Comparative Study of K-means, Expectation-Maximization and Density Based Clustering Algorithm
Date
Authors
Journal Title
Journal ISSN
Volume Title
Publisher
Department of Computer Science and Information Technology
Abstract
Data mining is the process of analyzing data from different perspectives and summarizing it
into useful information. This dissertation entitled ―”Comparative Study of K-means,
Expectation-maximization and density Based Clustering Algorithm” is one of the
implementation of Data Mining in which the datasets of “Heart Disease and Thyroid Disease
Data Set” are used. There is a wide range of algorithms available for clustering. This research
presents a comparative study of clustering algorithms. In experiments, the accuracy and time
taken by algorithms is evaluated by comparing the results on heart disease and thyroid
disease datasets , which is obtained from the UCI and KEEL repository using WEKA tool.

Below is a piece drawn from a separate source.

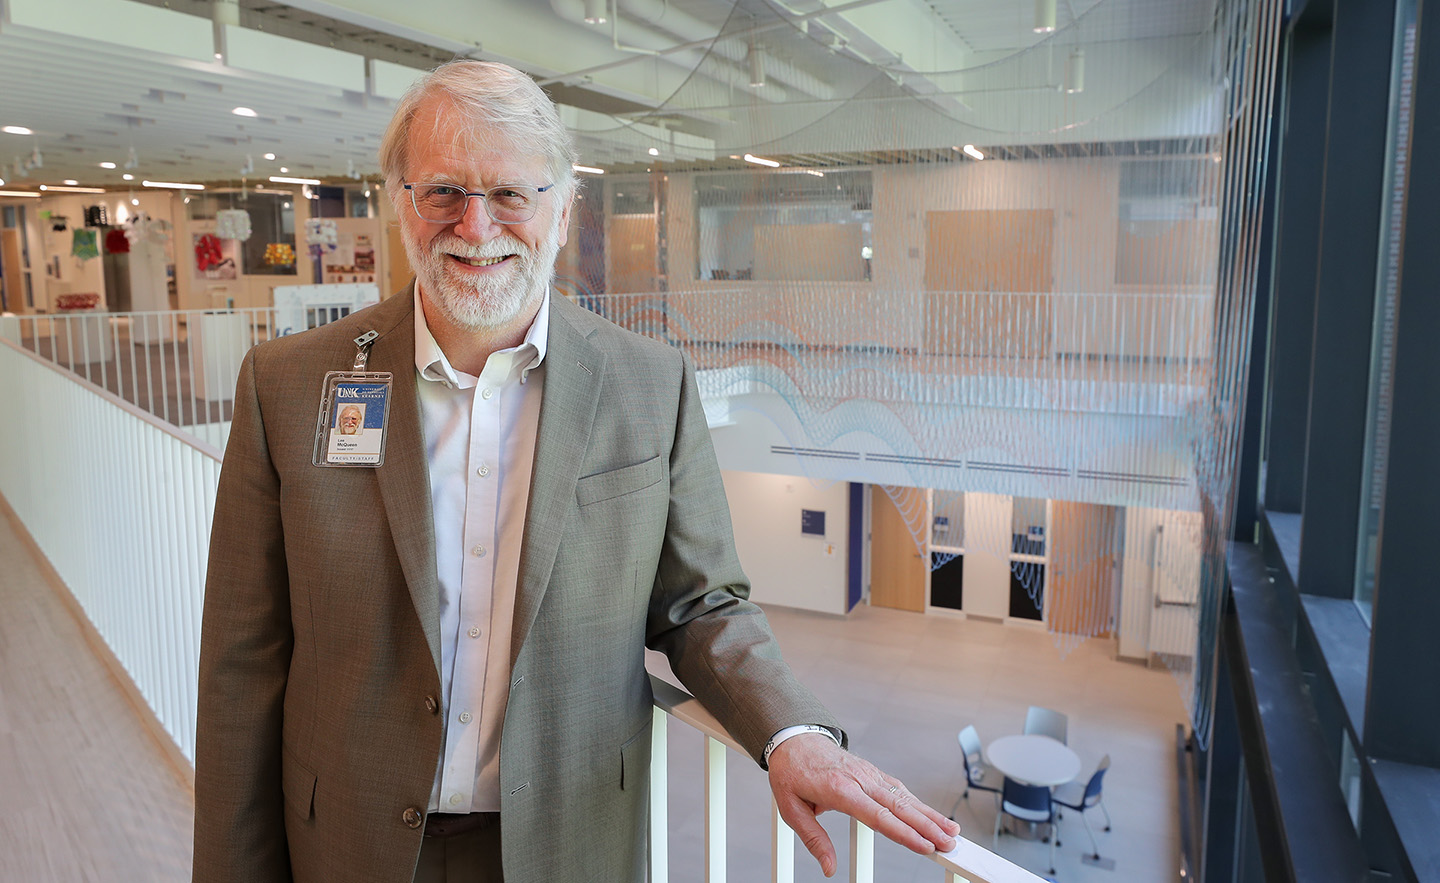 As director of UNK Facilities Management and Planning, Lee McQueen played a major part in numerous capital improvement projects on campus, including the recent construction of Discovery Hall, a state-of-the-art STEM building that opened in fall 2020. (Photo by Erika Pritchard, UNK Communications)
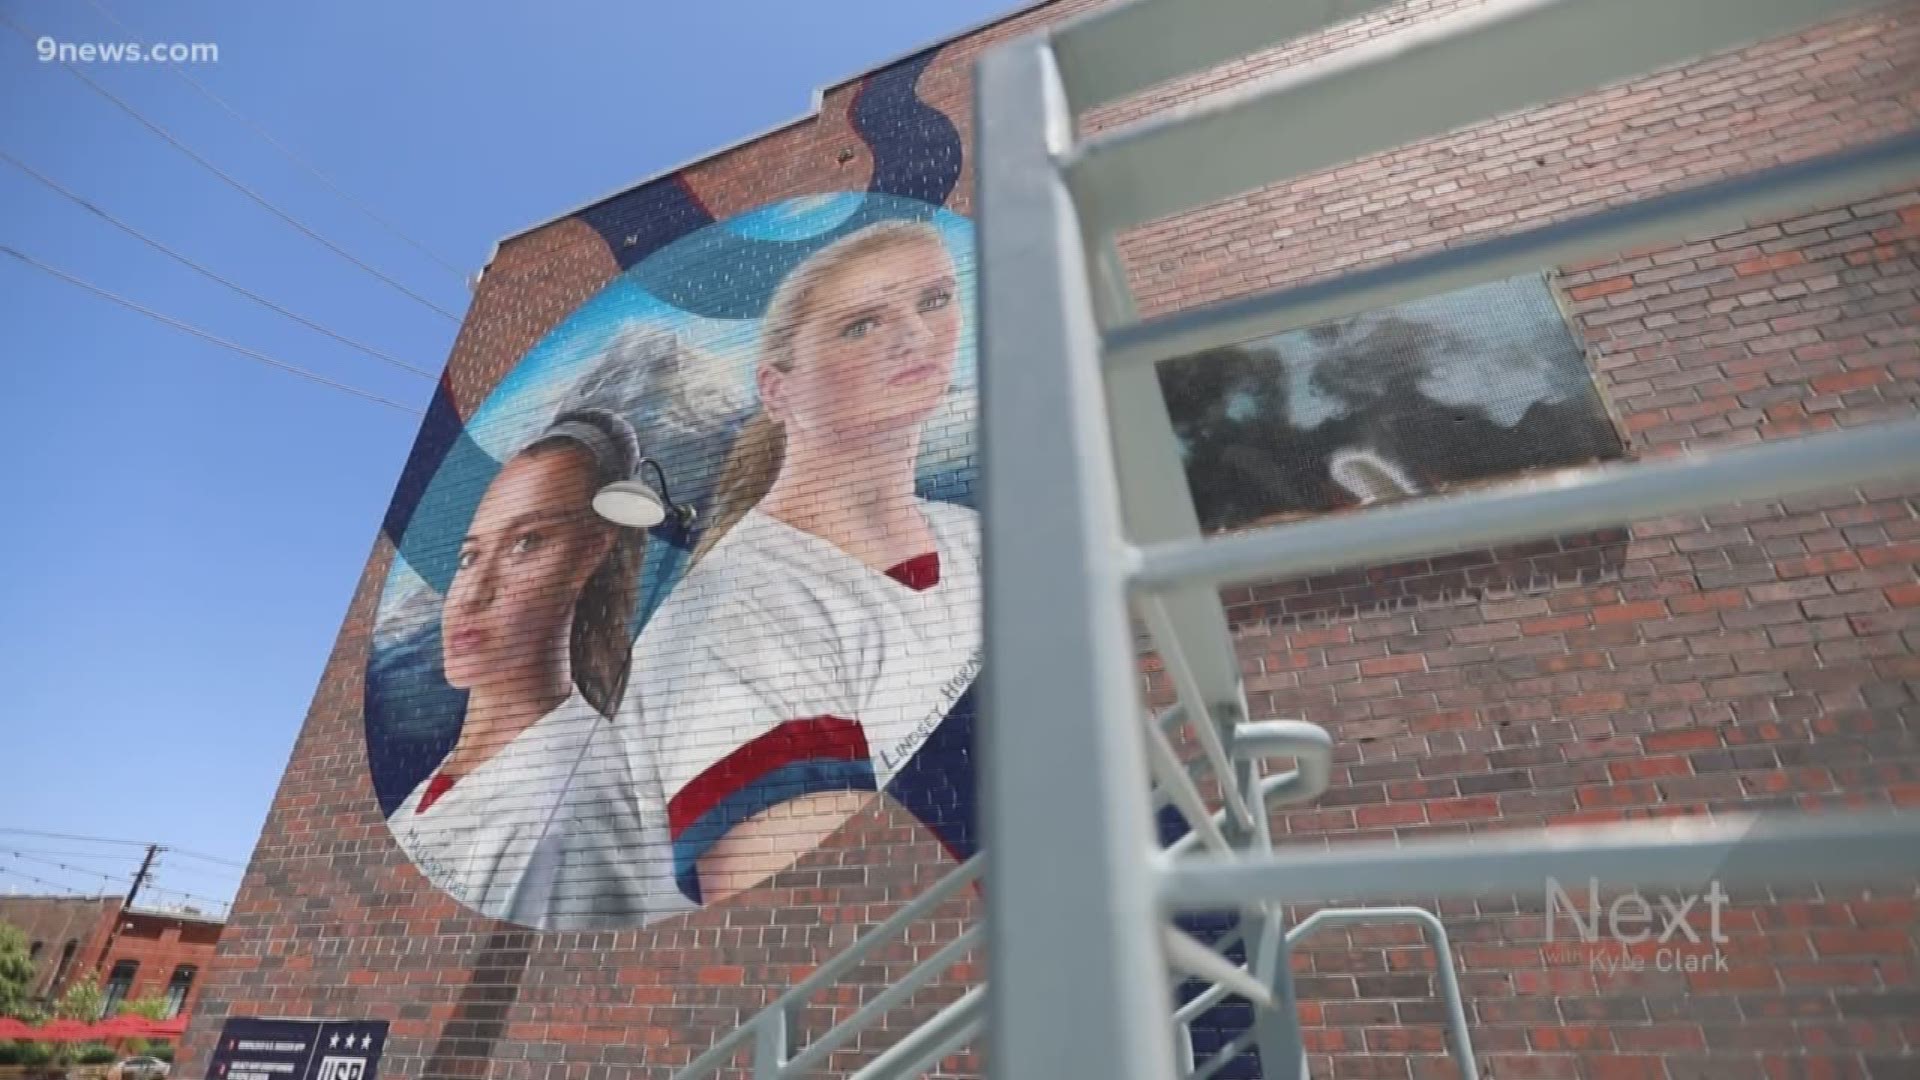 The mural of Lindsey Horan and Mallory Pugh is part of a larger campaign to create artwork of USWNT players in cities across the country.

All total 597 data of heart disease datasets and 3772 data of Thyroid disease datasets are use
for implementing the algorithm. Heart disease use 14 attributes and thyroid disease use 30
attributes.
Expectation-maximization clustering and Density based clustering takes more time to form
clusters for both datasets (heart disease and thyroid disease datasets).Simple K-means
clustering algorithms forms clusters with less time and more accuracy than other algorithms
for heart disease and thyroid disease datasets . In terms of time and accuracy K-means
produces better results as compared to other algorithms.